### SOURCE DATA
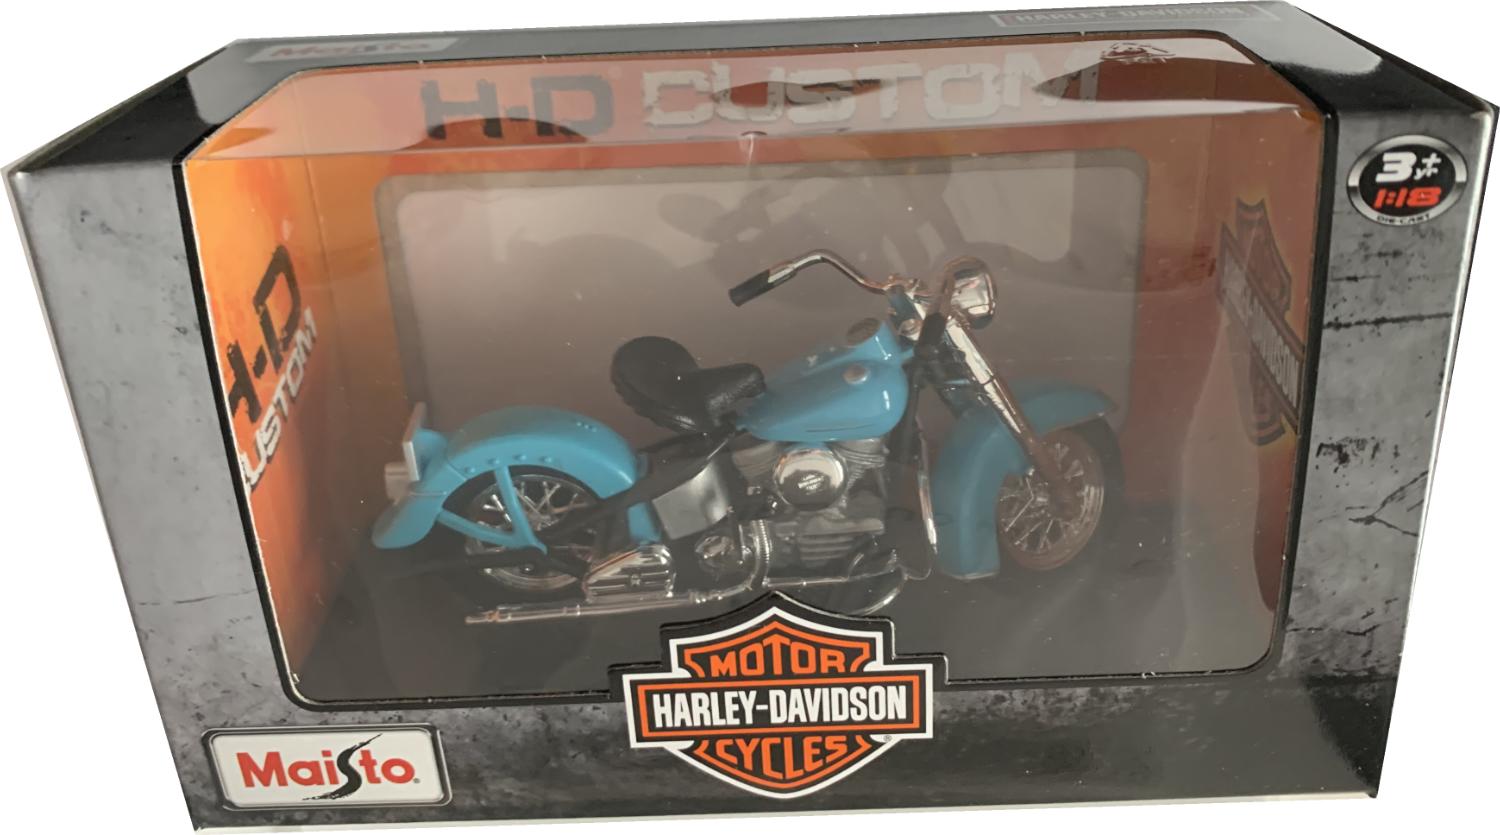 Harley Davidson 1953 74FL Hydra Glide in light blue 1:18 scale model from Maisto
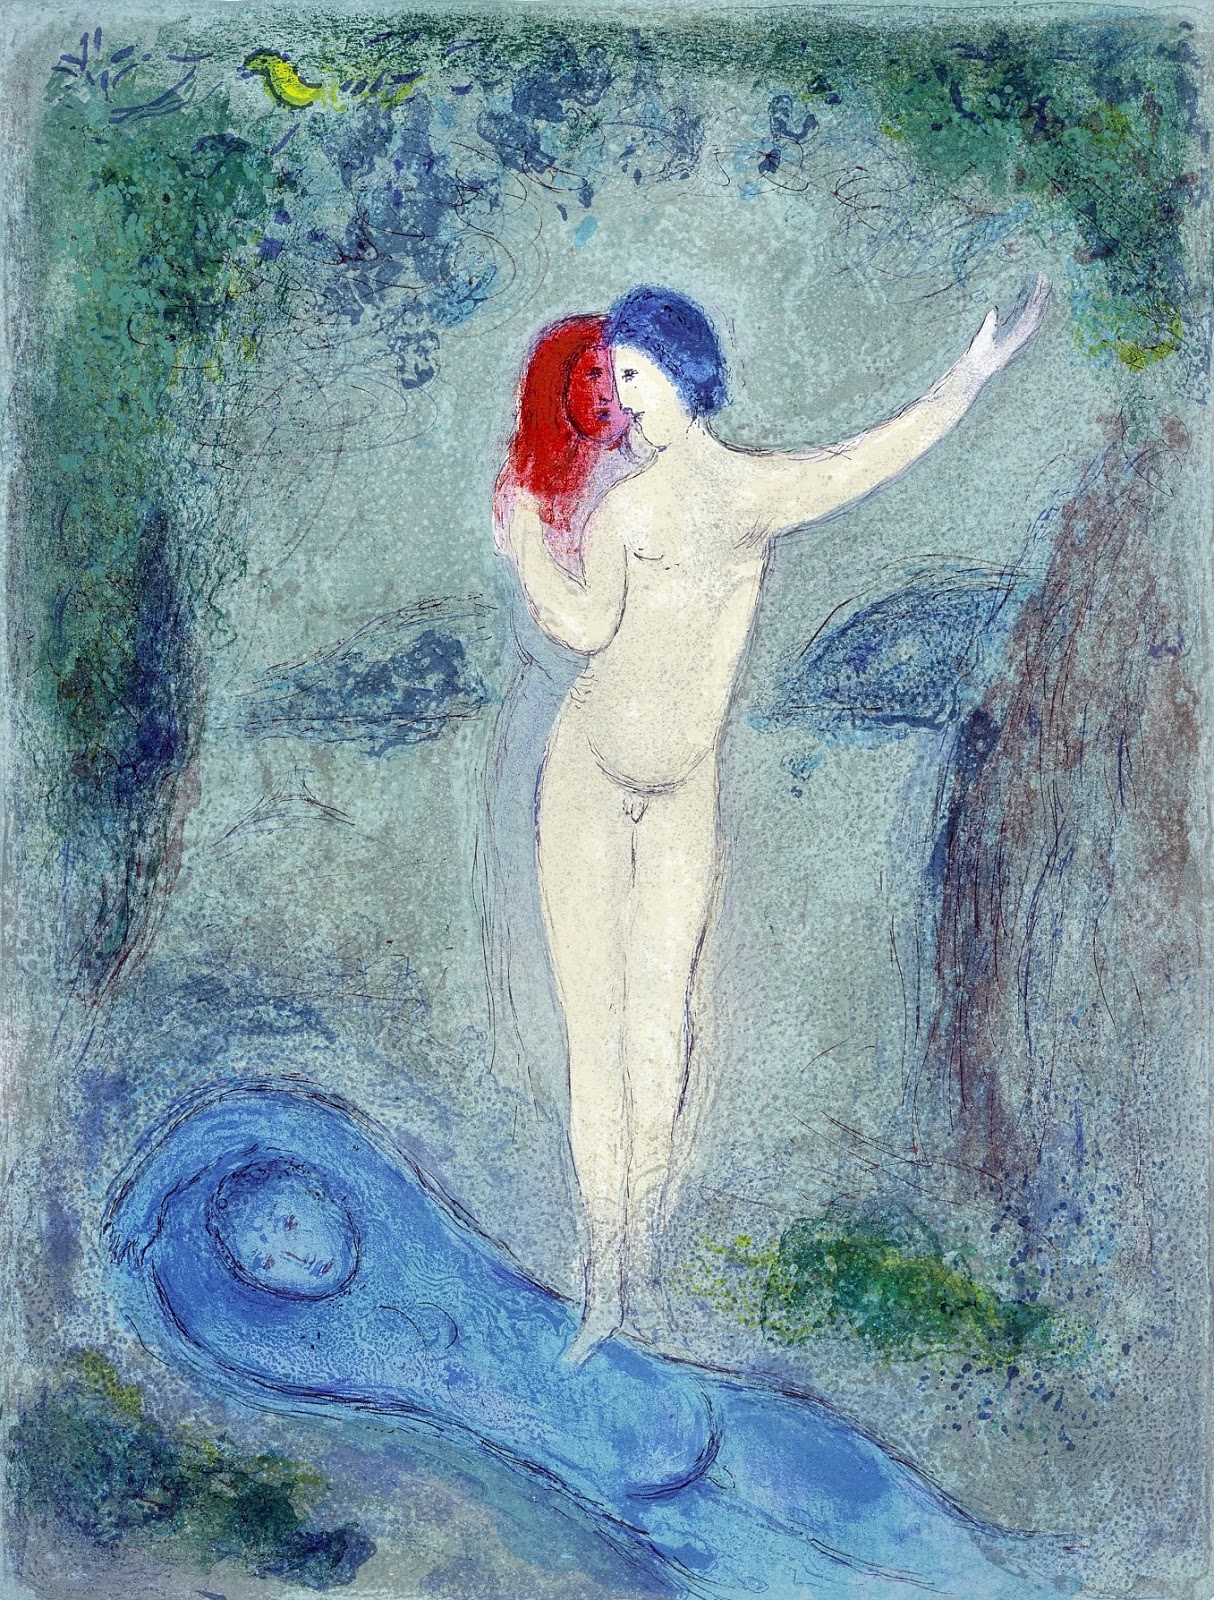 Marc+Chagall-1887-1985 (252).jpg
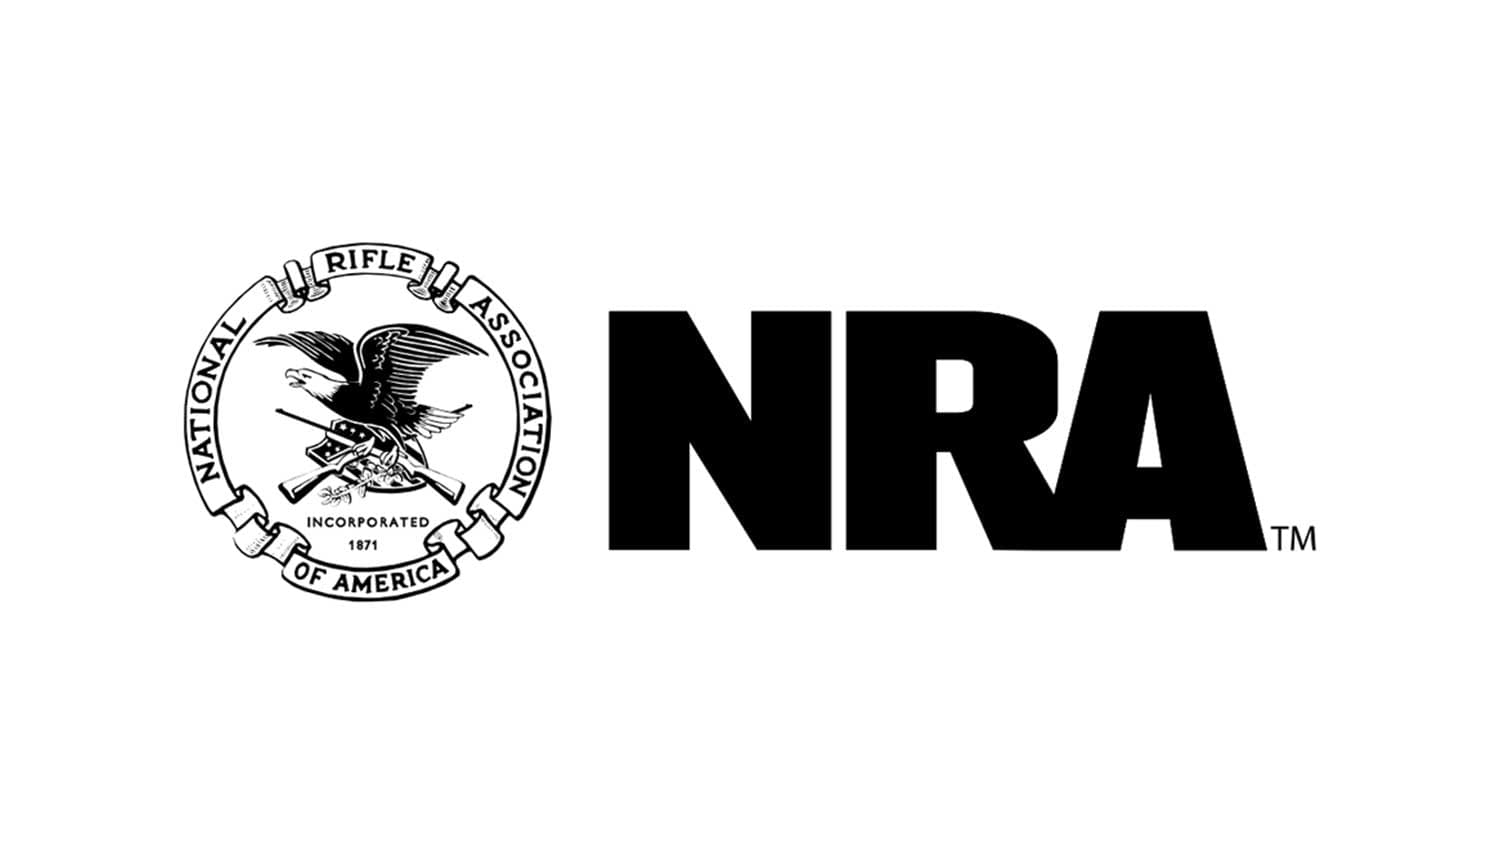 Women For Gun Rights Logo (1)
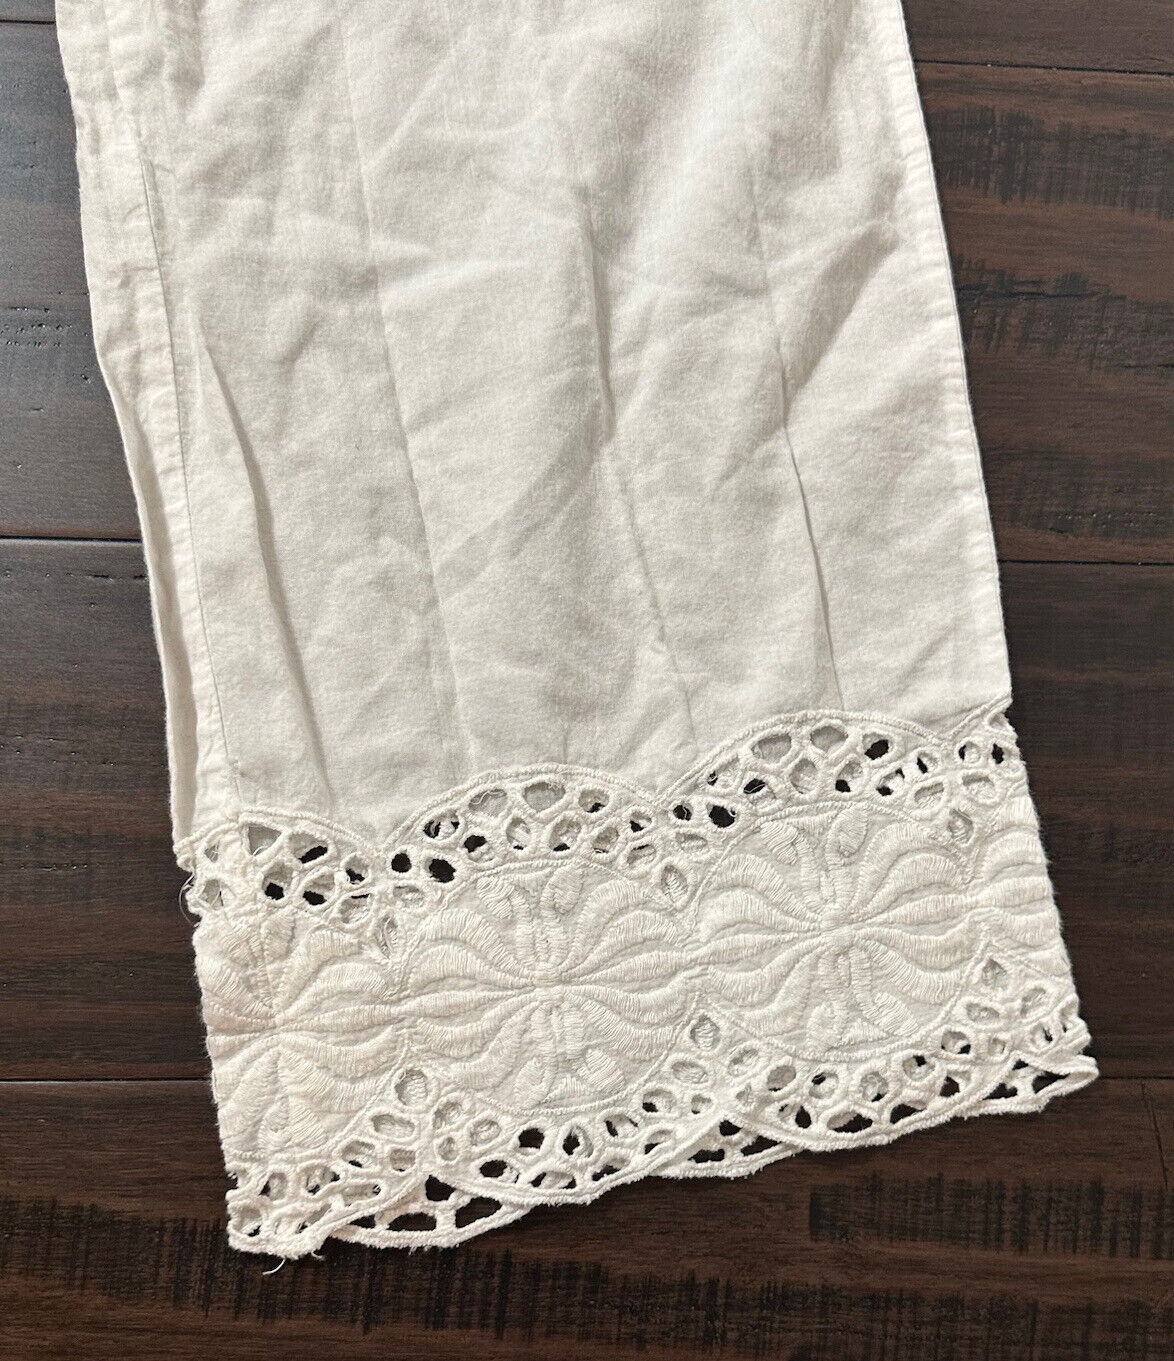 SIGRID OLSEN Sleepwear Pants Size S Small White Cotton Eyelet Bottom | eBay

### EXERCISE OBJECTIVE
Every line from the one with "Women For Gun Rights Logo (1)" through the last line of the listing above must be written out exactly, and no picture may appear.

### SOLUTION BELOW
 Women For Gun Rights Logo (1)
 SIGRID OLSEN Sleepwear Pants Size S Small White Cotton Eyelet Bottom | eBay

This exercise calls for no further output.